(Data shown begins)

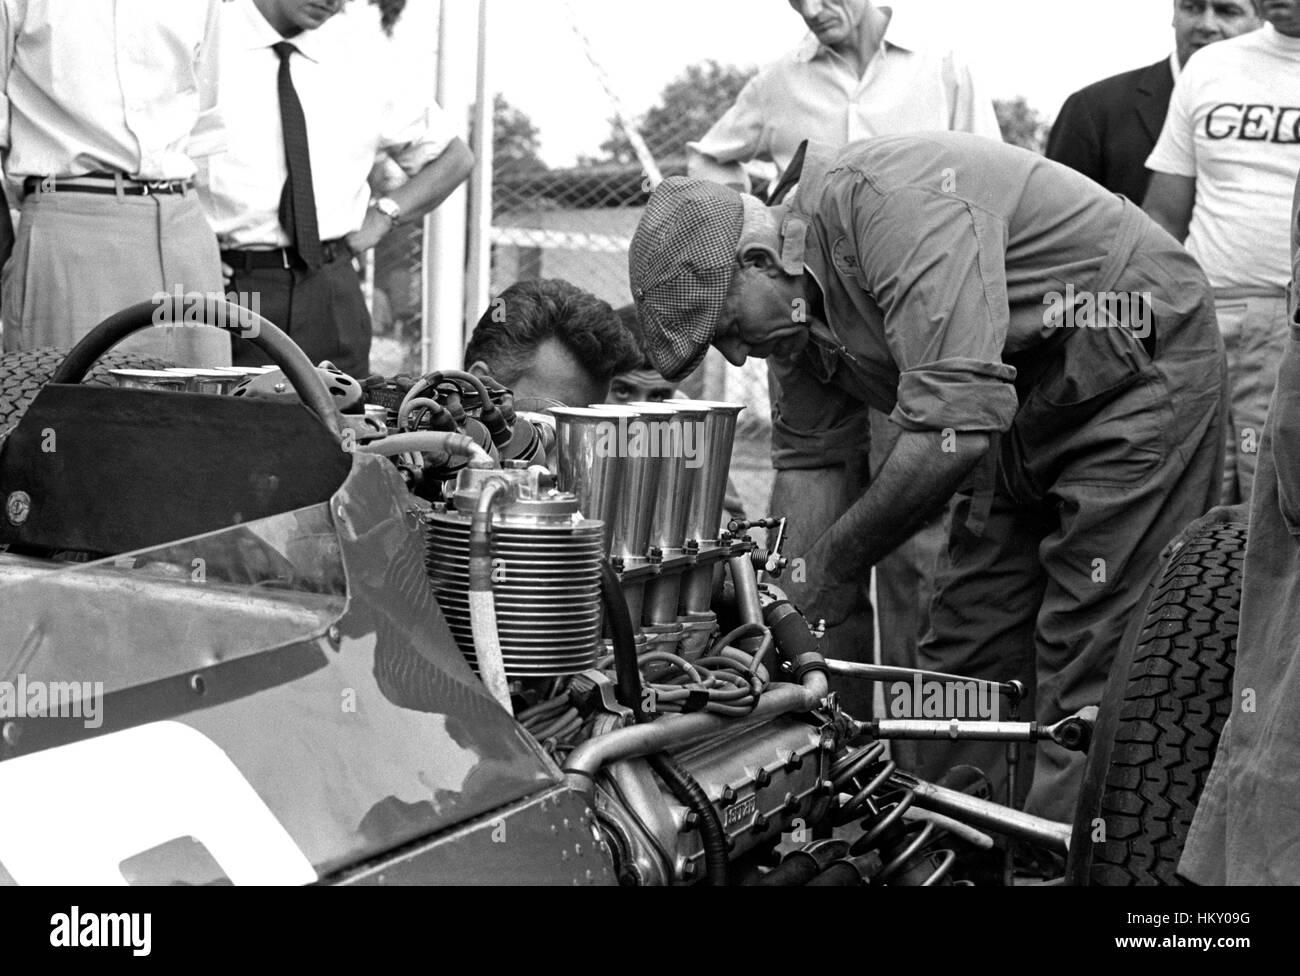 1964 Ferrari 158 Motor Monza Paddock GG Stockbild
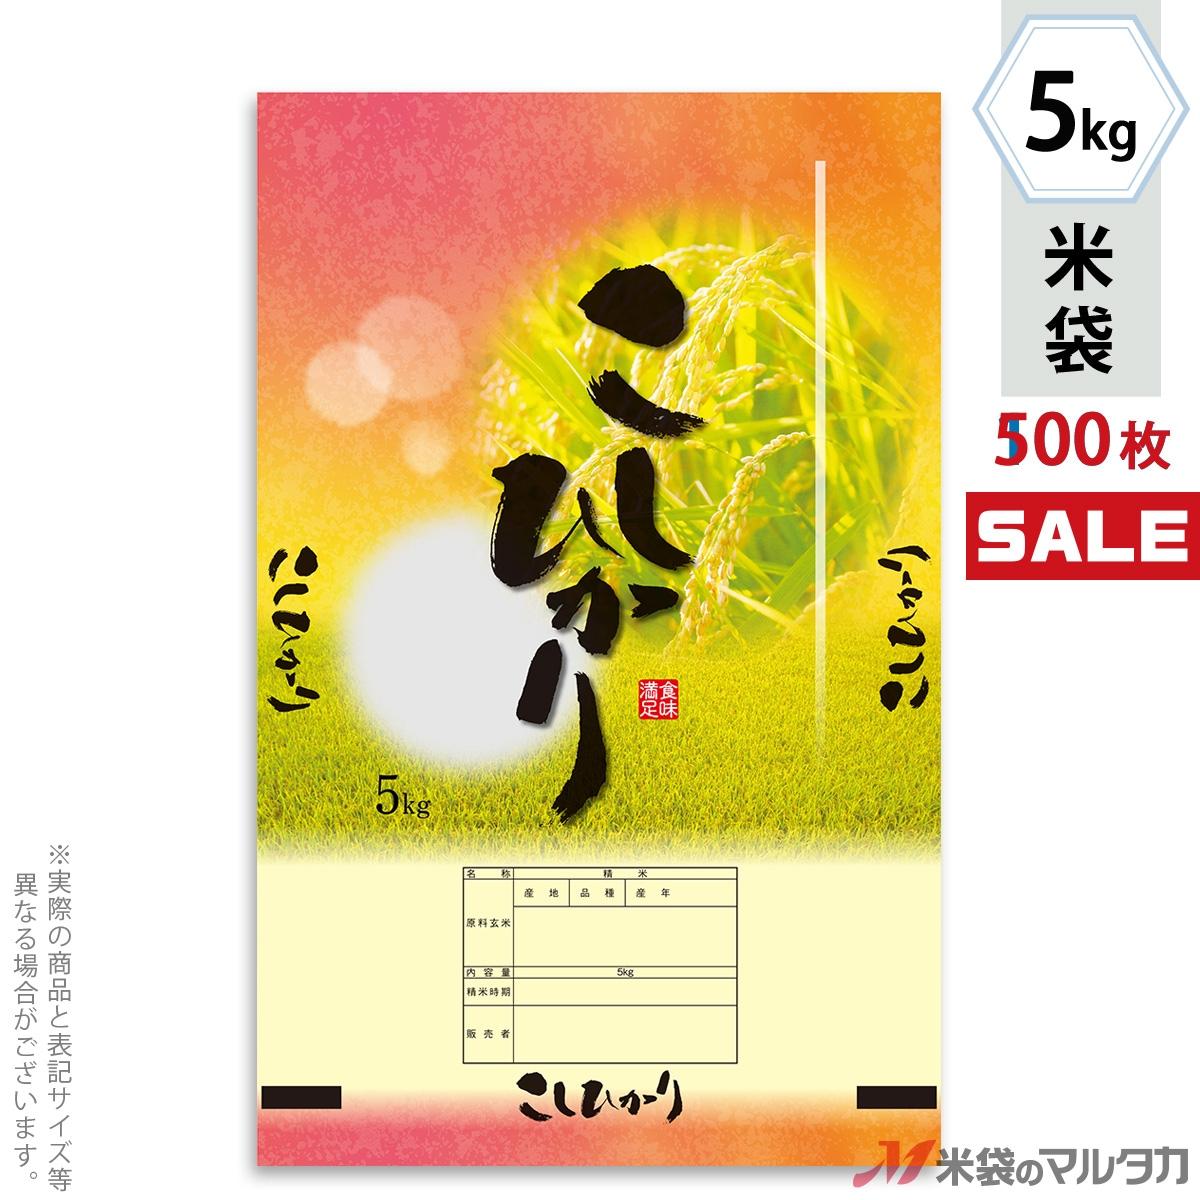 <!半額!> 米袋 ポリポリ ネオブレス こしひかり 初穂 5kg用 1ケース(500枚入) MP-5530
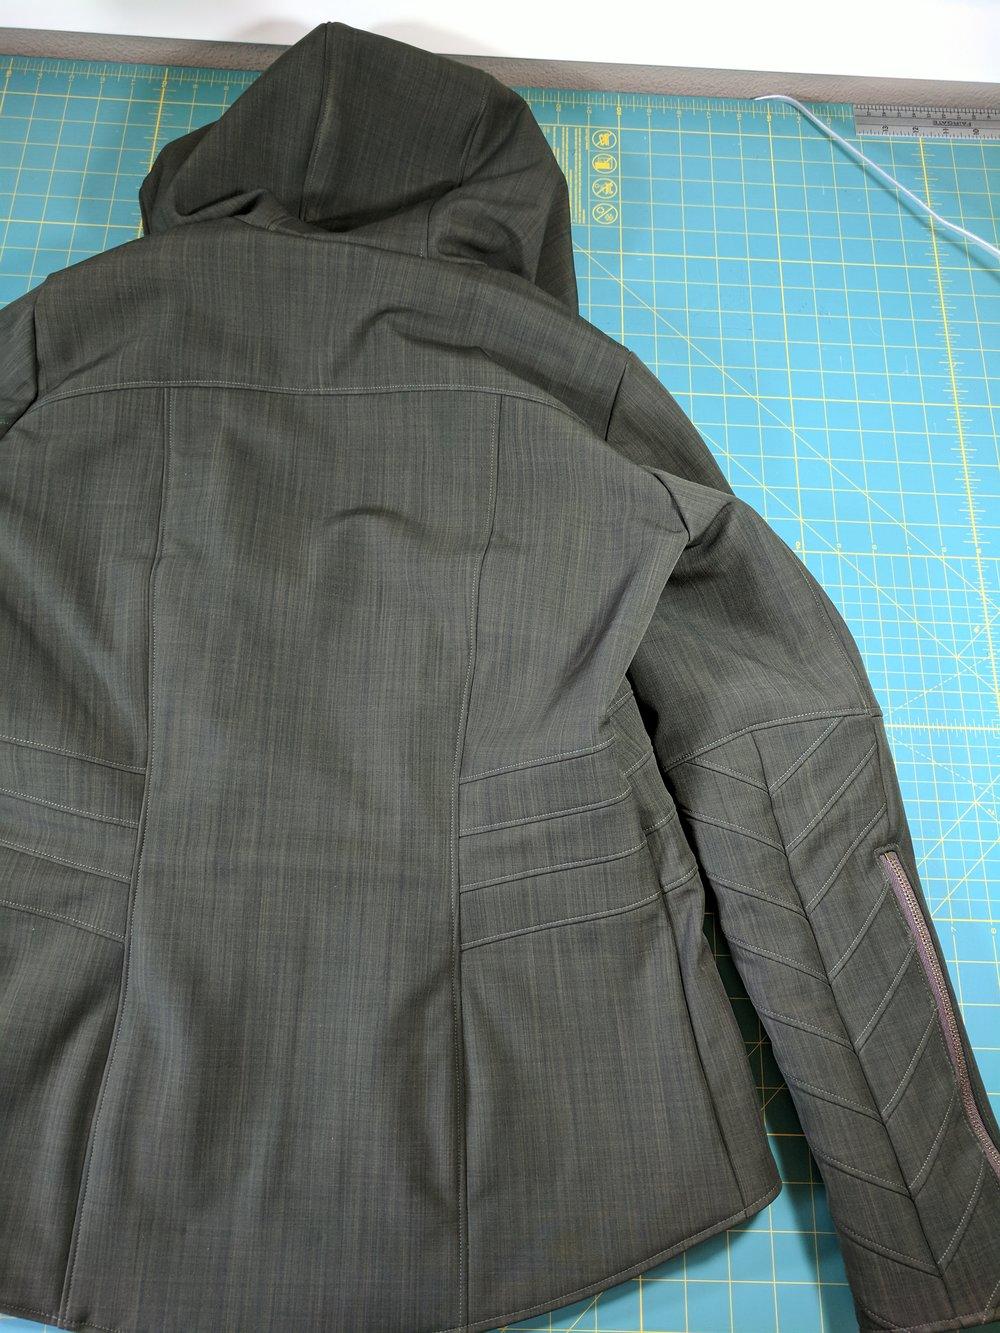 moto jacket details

(Data shown ends)

Omit the pictures and repeat the rest of the listing verbatim.

 1964 Ferrari 158 Motor Monza Paddock GG Stockbild
 <!半額!> 米袋 ポリポリ ネオブレス こしひかり 初穂 5kg用 1ケース(500枚入) MP-5530
 moto jacket details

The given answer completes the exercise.